Consequently, accrued benefits do not include ancillary benefits not 
directly related to retirement benefits such as payment of medical 
expenses (or insurance premiums for such expenses), disability benefits

[[Page 596]]

not in excess of the qualified disability benefit (see section 411(a)(9) 
and paragraph (c)(3) of this section), life insurance benefits payable 
as a lump sum, incidental death benefits, current life insurance 
protection, or medical benefits described in section 401(h). For 
purposes of this paragraph a subsidized early retirement benefit which 
is provided by a plan is not taken into account, except to the extent of 
determining the normal retirement benefit under the plan (see section 
411(a)(9) and paragraph (c) of this section). The accrued benefit 
includes any optional settlement at normal retirement age under 
actuarial assumptions no less favorable than those which would be 
applied if the employee were terminating his employment at normal 
retirement age. The accrued benefit does not include any subsidized 
value in a joint and survivor annuity to the extent that the annual 
benefit of the joint and survivor annuity does not exceed the annual 
benefit of a single life annuity.
    (2) Defined contribution plan. In the case of a defined contribution 
plan, the balance of the employee's account held under the plan.
    (b) Normal retirement age--(1) General rule. For the purposes of 
section 411 and the regulations thereunder, the term ``normal retirement 
age'' means the earlier of--
    (i) The time specified by a plan at which a plan participant attains 
normal retirement age, or
    (ii) The later of--
    (A) The time the plan participant attains age 65, or
    (B) The 10th anniversary of the date the plan participant commences 
participation in the plan.

If a plan, or the employer sponsoring the plan, imposes a requirement 
that an employee retire upon reaching a certain age, the normal 
retirement age may not exceed that mandatory retirement age. The 
preceding sentence will apply if the employer consistently enforces a 
mandatory retirement age rule, whether or not set forth in the plan or 
any related document. For purposes of subdivision (i) of this 
subparagraph, if an age is not specified by a plan as the normal 
retirement age then the normal retirement age under the plan is the 
earliest age beyond which the participant's benefits under the plan are 
not greater solely on account of his age or service.
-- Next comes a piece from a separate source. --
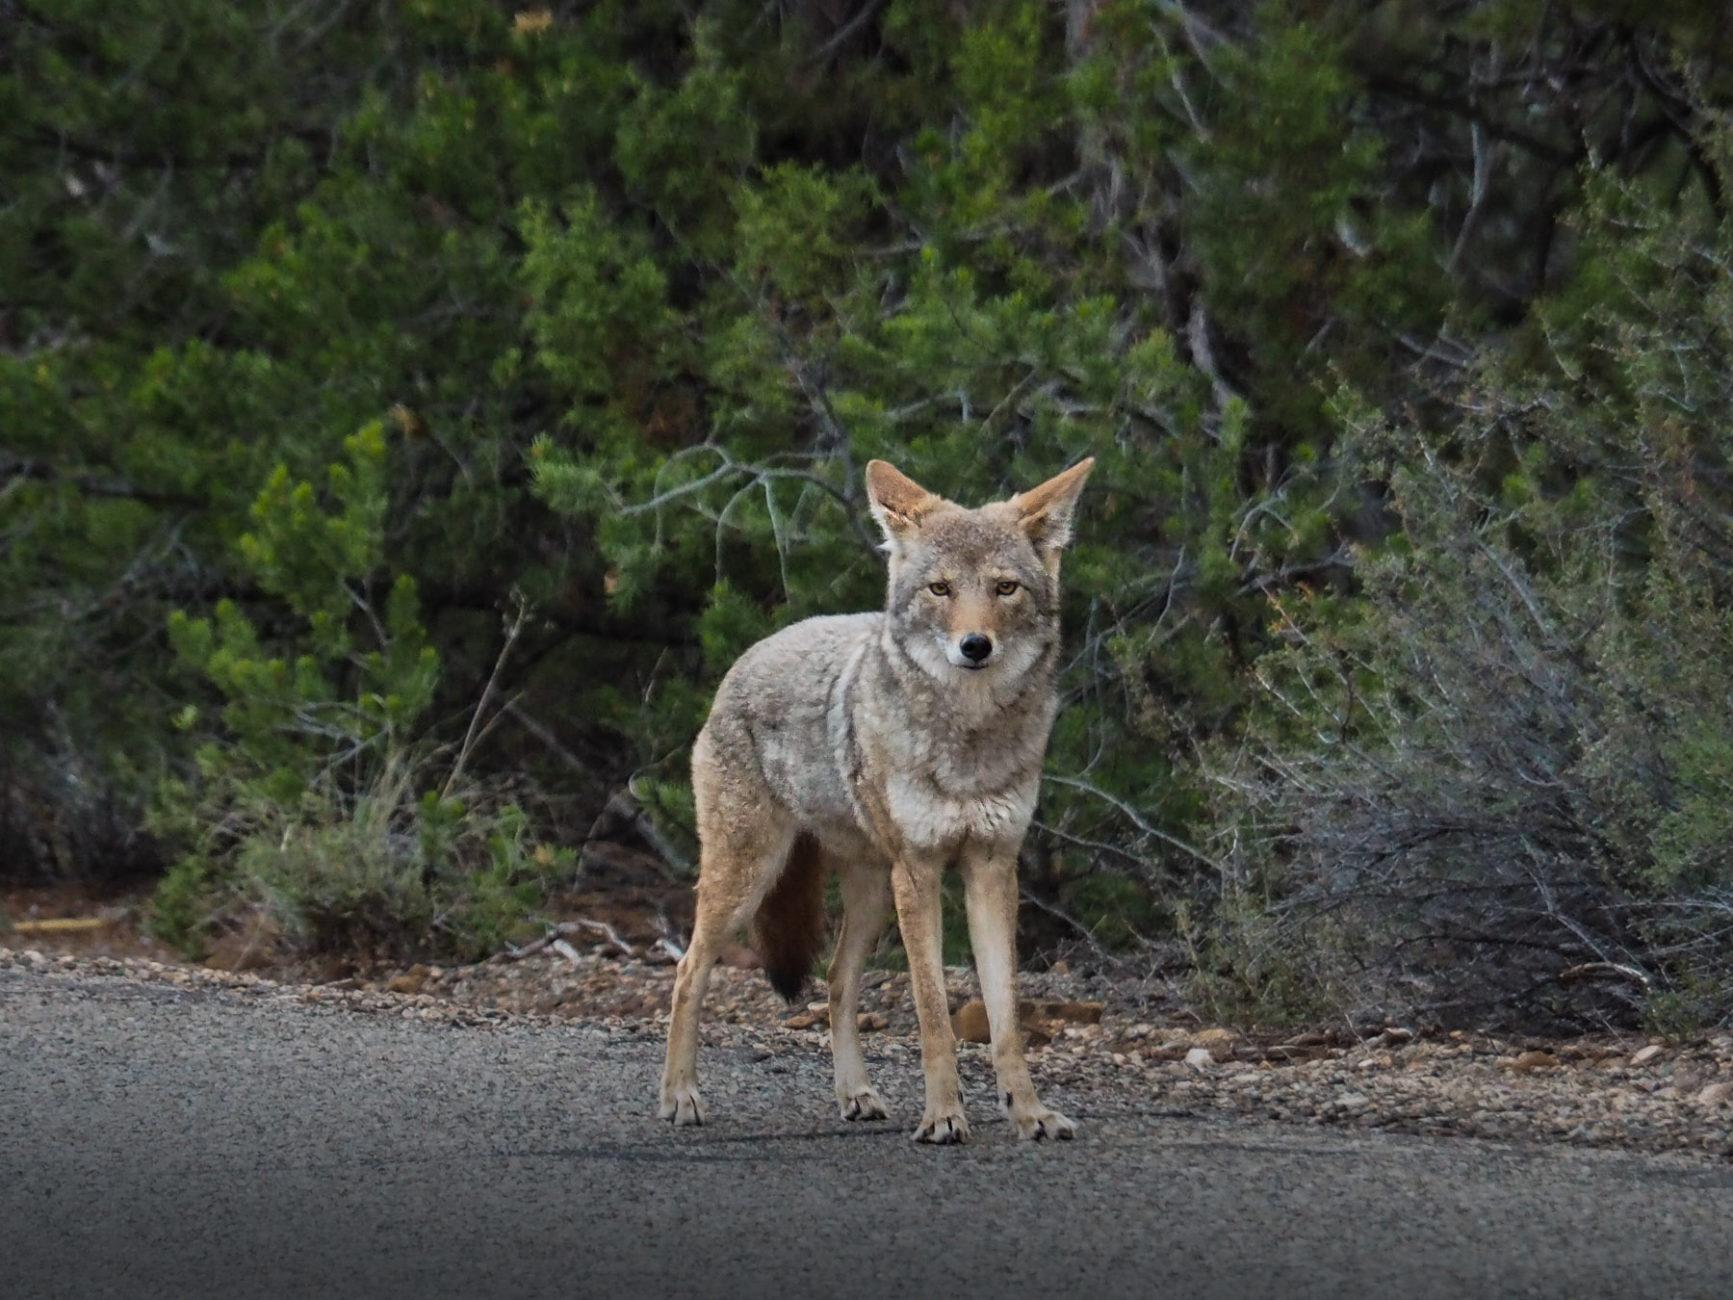 Koyote – schon öfter gesehen und in der Nacht gehört

For purposes of 
paragraph (b)(1)(ii)(B) of this section, participation commences on the 
first day of the first year in which the participant commenced his 
participation in the plan, except that years which may be disregarded 
under section 410(a)(5)(D) may be disregarded in determining when 
participation commenced.
    (2) Examples. The provisions of this paragraph are illustrated by 
the following examples:

    Example (1). Plan A defines normal retirement age as age 65. Under 
the plan, benefits payable to participants who retire at or after age 60 
are not reduced on account of early retirement. For purposes of section 
411 and the vesting regulations, normal retirement age under Plan A is 
age 65 (determined under subparagraph (1)(i) of this paragraph). This is 
true even if in operation all participants retire at age 60.
    Example (2). Plan B does not specify any age as the normal 
retirement age. Under the plan, participants who have attained age 55 
are entitled to benefits commencing upon retirement but the benefits of 
participants who retire before attaining age 70 are subject to reduction 
on account of early retirement. For purposes of section 411 and the 
vesting regulations the normal retirement age under Plan B is the later 
of (i) age 65, or (ii) the 10th anniversary of the date a plan 
participant commences participation in the plan (assuming such date is 
prior to age 70).
    Example (3). The facts are the same as in example (2). Employee X 
first became a participant in Plan B on January 1, 1980 at age 53. His 
participation continued until December 31, 1980, when he separated from 
the service with no vested benefits. After incurring 5 consecutive 1-
year breaks in service, Employee X again becomes an employee and a plan 
participant on January 1, 1986, at age 59. For purposes of section 411, 
Employee X's normal retirement age under Plan B is age 69, the 10th 
anniversary of the date on which his year of plan participation 
commenced. His participation in 1980 may be disregarded under the last 
sentence of paragraph (b)(1) of this section.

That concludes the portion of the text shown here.